Describing Photographs for the Online Catalogue
Instructor: Beth Knazook
Dates: October 1st through 26th, 2018
Credits: 1.5 CEUs or 15 PDHs
Price: $175
Students in this course will explore the many ways in which photographic images are described and interpreted by both people and computers. The goal of the course is to broaden the non-specialist cataloguer’s ability to describe the subject content and material qualities of photographs, and to provide a greater understanding of current standards and approaches to image resource access. The course will begin with exercises aimed at helping students to identify and describe different photographic media and common deterioration problems. Students will develop an image record using either the VRA Core Categories or Dublin Core, and will apply authority data to these records using specialized controlled vocabularies such as the Thesaurus for Graphic Materials and the Getty Vocabularies. Class discussions will focus on questions of data completeness and complexity, theories regarding image iconography and interpretation, and the feasibility of using crowd-sourced descriptive information, including social tagging and folksonomies. The outcome of this course will be a greater understanding of the varied approaches to describing visual content through written language, giving students the skills to incorporate flexibility into the cataloguing structure.
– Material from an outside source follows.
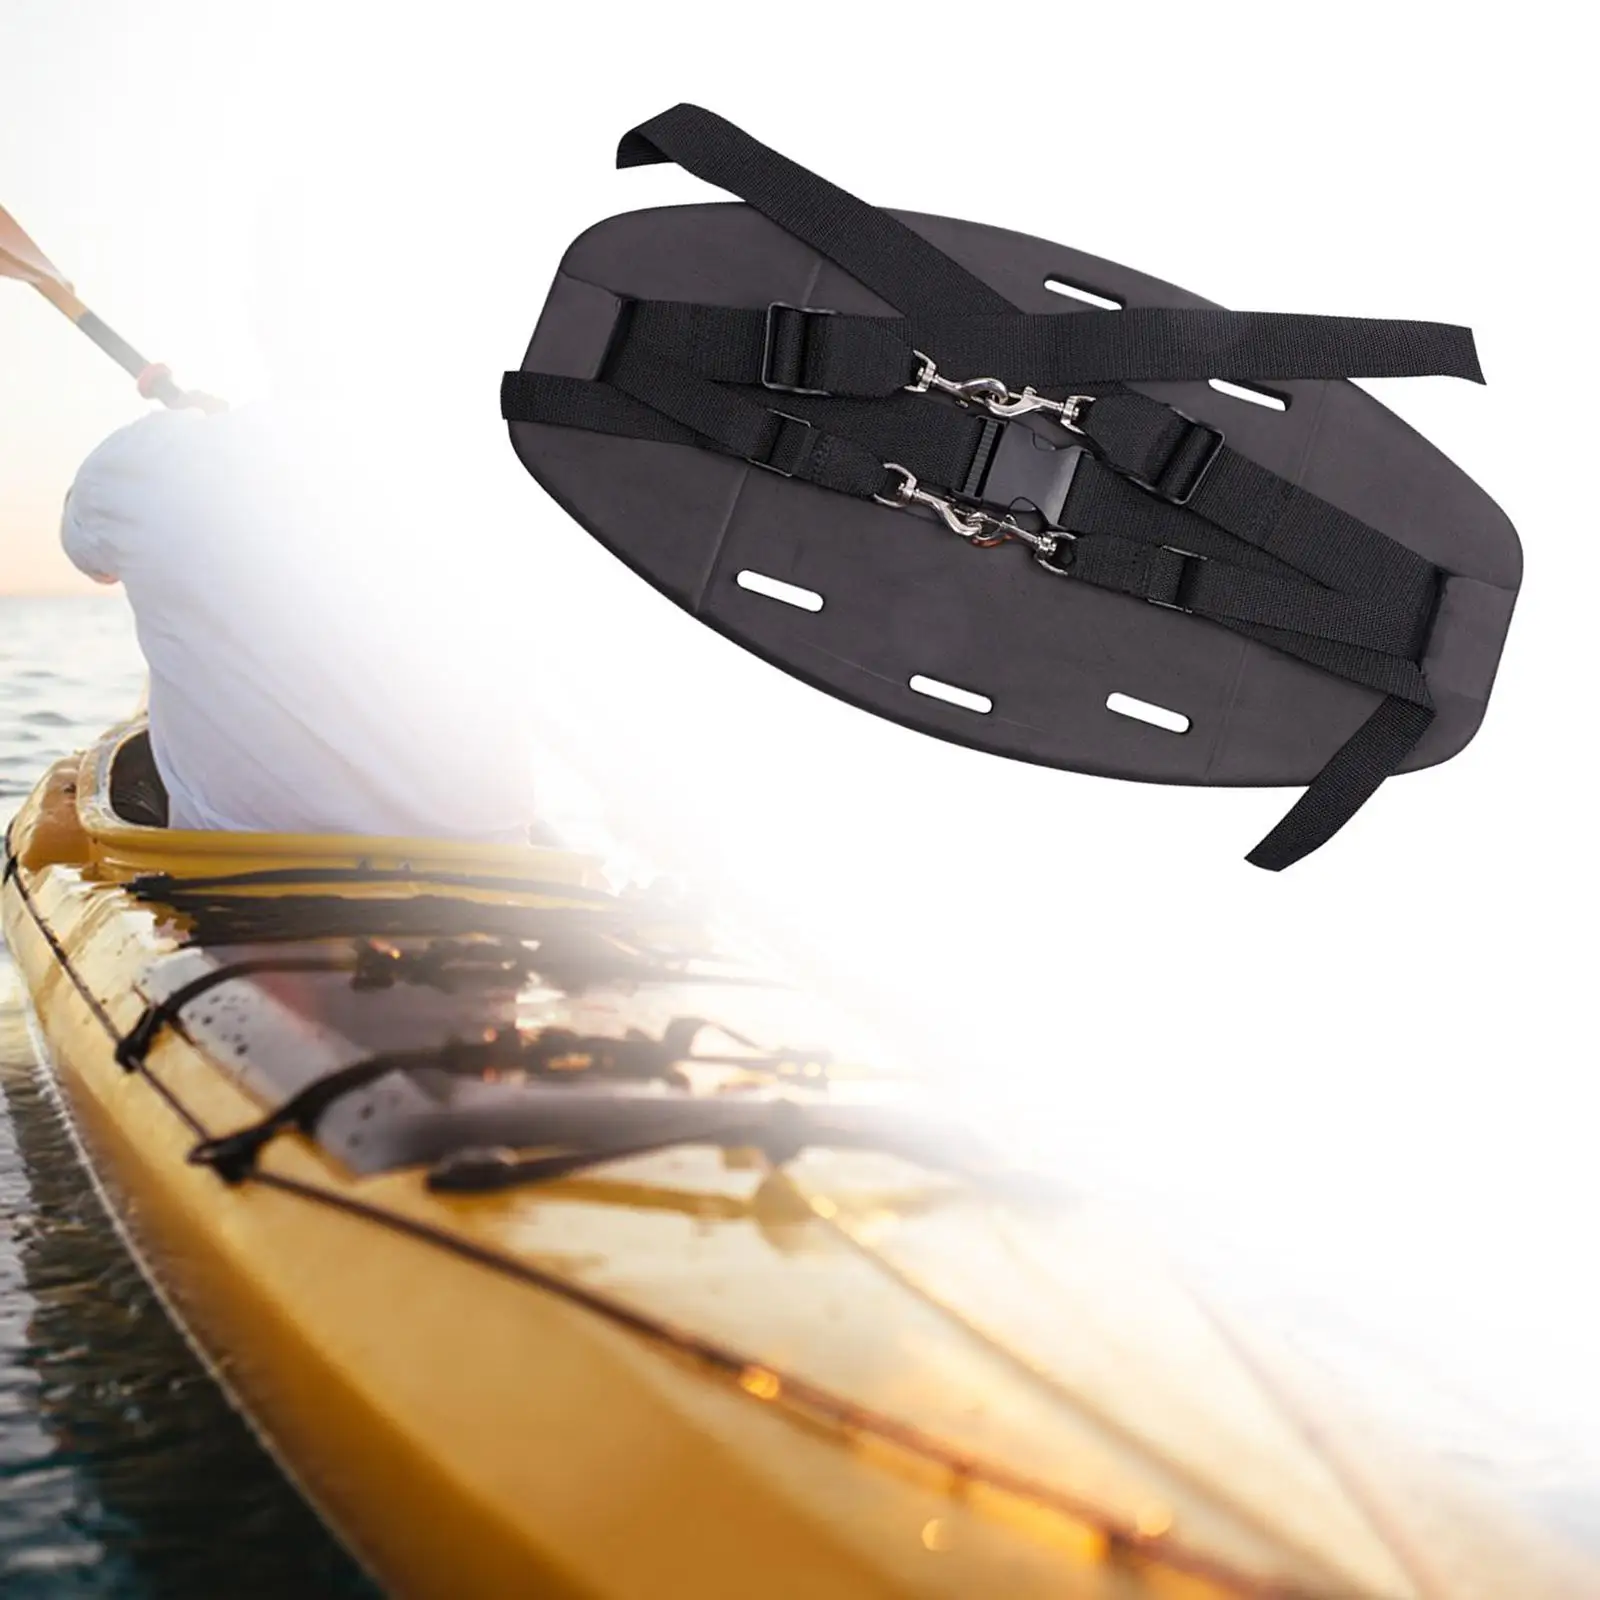 Kayak Backrest Replacement Cushion Black Comfortable EVA Adjustable Kayak band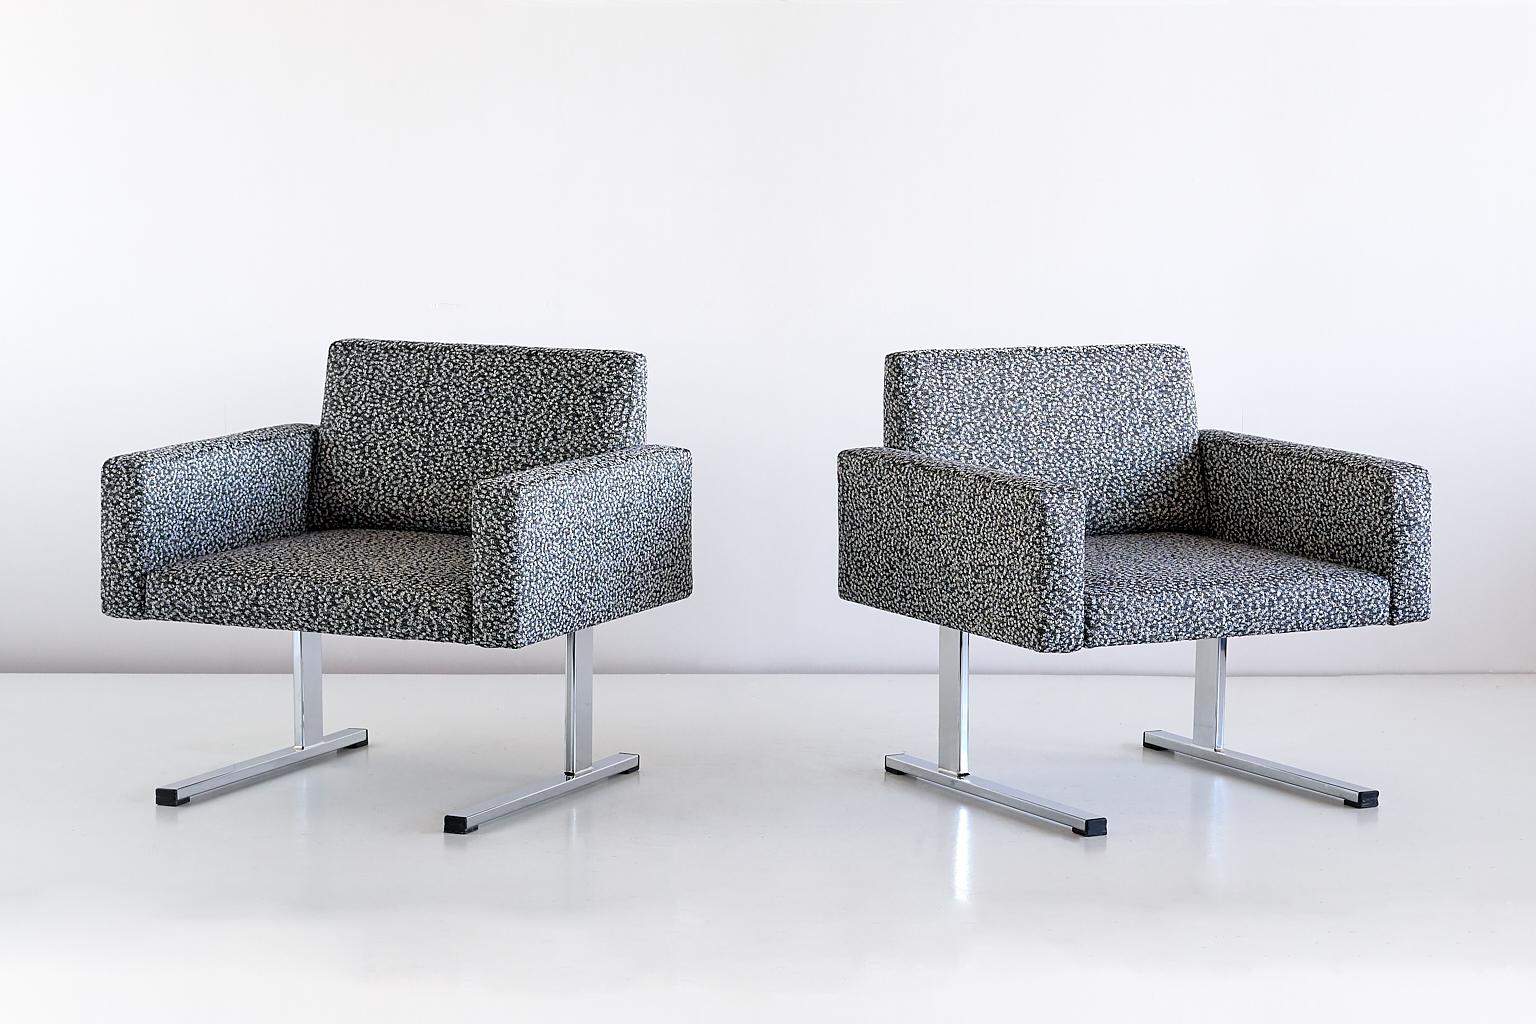 Cette paire de chaises longues exceptionnellement rare a été conçue par Esko Pajamies et produite par la société finlandaise Merva dans les années 1960. La forme rectangulaire de l'assise, des accoudoirs et du dossier donne à la chaise un aspect

This course is a follow-up to Getting Started with Digital Image Collections, but it is not necessary to have taken that class in order to participate. While the previous course focused on building a digitization program, this course will focus on the description and retrieval of digital resources.
Course Goals:
- Improve cataloguer lexicon for describing image quality and content, understand theories of image description
- Learn to identify and describe the common ways in which images deteriorate
- Appreciate the “semantic gap” between visual and textual information
- Improve understanding of controlled vocabularies, folksonomies and social tagging for image retrieval
Beth Knazook is an independent lecturer and preservation professional specializing in providing care and access to photographs and special media. She has taught classes on managing photograph collections for the University of Toronto’s Faculty of Information, and on descriptive cataloguing standards for the Council on Library and Information Resources (CLIR). She is currently pursuing a PhD at Queen’s University in Canada, where her research focuses on the introduction of photographic illustration into Canadian book publishing in the mid-nineteenth century. Prior to returning to school, she worked as the Curatorial Specialist for Ryerson University Library Special Collections and as the Photo Archivist for the Stratford Festival of Canada, and trained as a bookbinder with the Canadian Bookbinders and Book Artists Guild. She holds an MA in Photographic Preservation and Collections Management from Ryerson University and the George Eastman Museum.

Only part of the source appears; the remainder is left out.